Answer: Your suggestion is necessary to improve the quality of the paper. Considering that the workflow in this paper does not involve complex logical judgment, the flow chart is modified into a double-column structure. The critical steps of the process are listed on the left side of the newly revised flowchart, while on the right side of the flowchart, significant results, including pre-pruned quadtree, are displayed. Doing so can make readers feel and understand the processing flow more intuitively without knowing the technical details.

 

8. 3.3 performance verification. The earliest use of visual interpretation should not be literature 17, please check and correct.

Answer: Thank you for your advice. We supplemented the literature [2] in the manuscript. If you know the earlier literature, please tell us. Thanks.

 

9. There are some grammatical errors in the manuscript that should be carefully checked and improved.

Answer: Thank you for your suggestion.
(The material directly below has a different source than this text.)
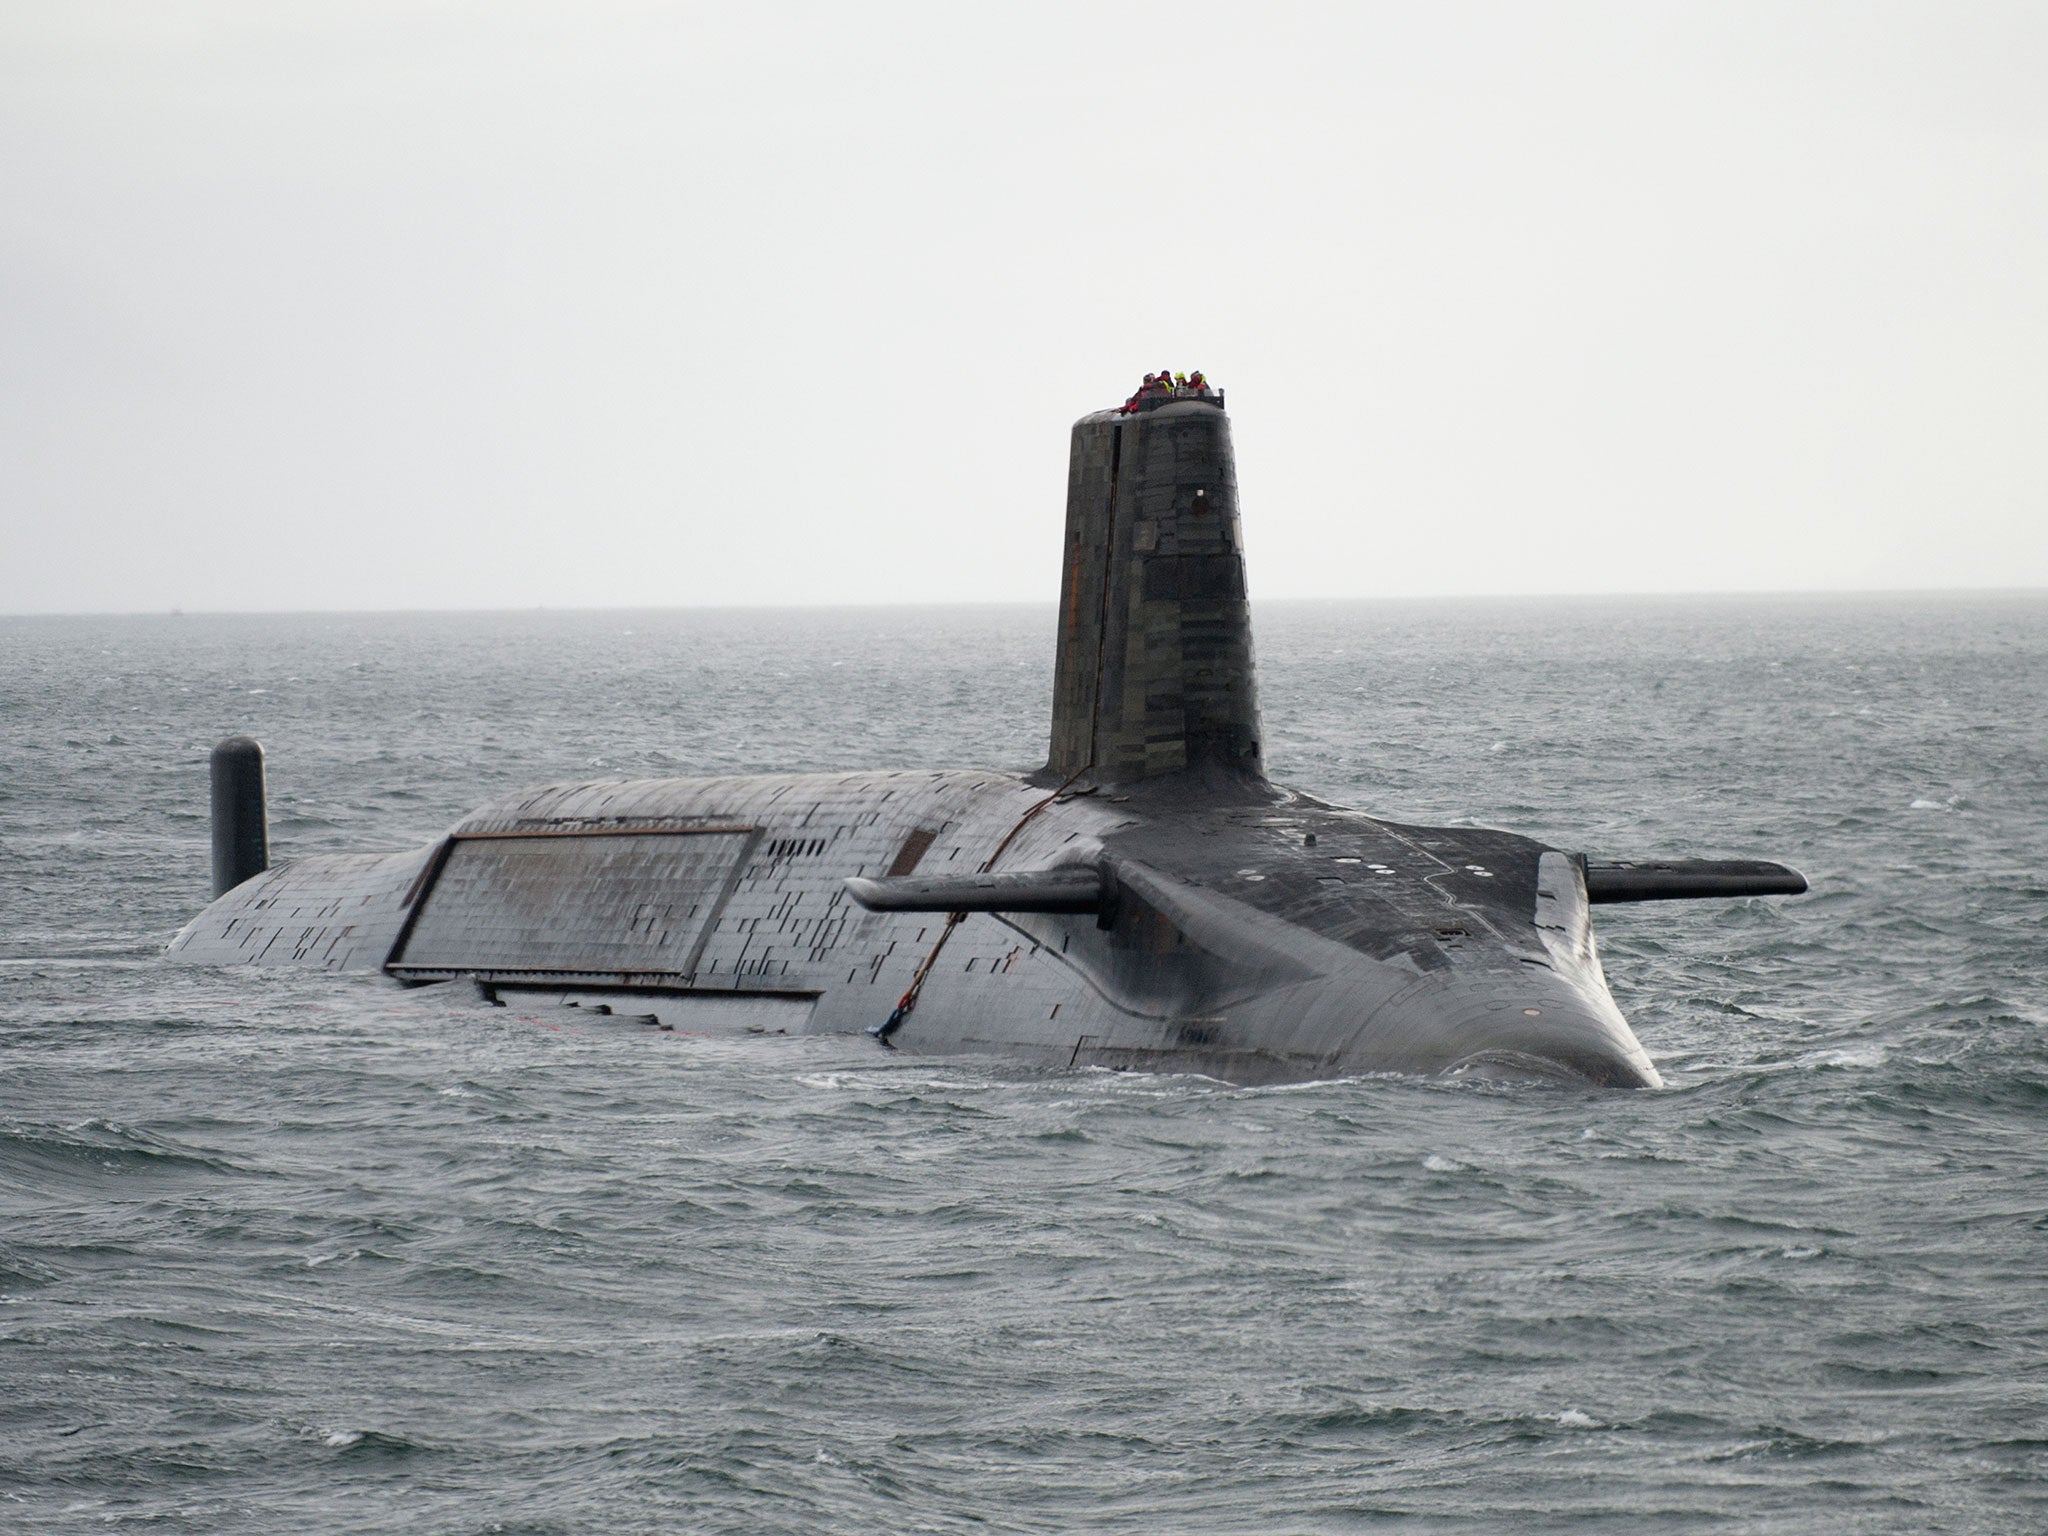 Estimates for how much Trident will cost continue to rise
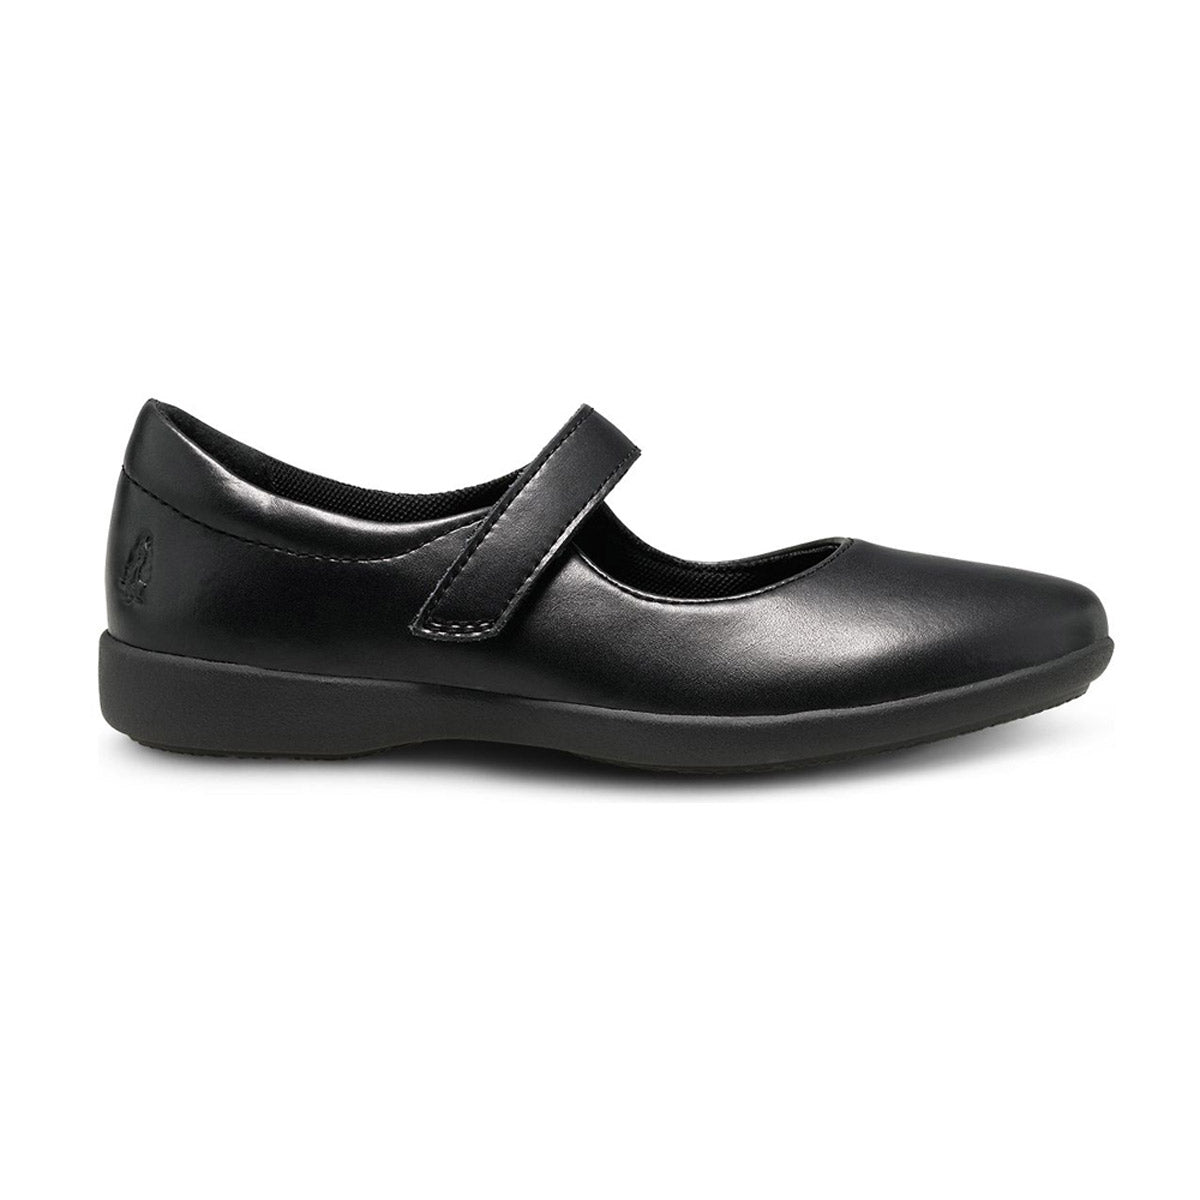 Sentence with replaced product: Black Hush Puppies Lexi leather shoe with velcro strap and memory foam footbed on a white background.

The grammar and expression of the article have been re-checked.

 

Reference

1. Chen, Y.; Le, Y.; Zhang, D.; Wang, Y.; Qiu, Z.; Wang, L. A photon-counting LiDAR bathymetric method based on adaptive variable ellipse filtering. Remote Sensing of Environment 2021, 256, doi:10.1016/j.rse.2021.112326.
2. Chen, B.; Pang, Y.; Li, Z.; Lu, H.; Liu, L.; North, P.R.J.; Rosette, J.A.B. Ground and Top of Canopy Extraction From Photon-Counting LiDAR Data Using Local Outlier Factor With Ellipse Searching Area. Ieee Geoscience and Remote Sensing Letters 2019, 16, 1447-1451, doi:10.1109/lgrs.2019.2899011.

Round 2

Reviewer 2 Report

My concerns have been solved. This work is quite good. It can be published as is.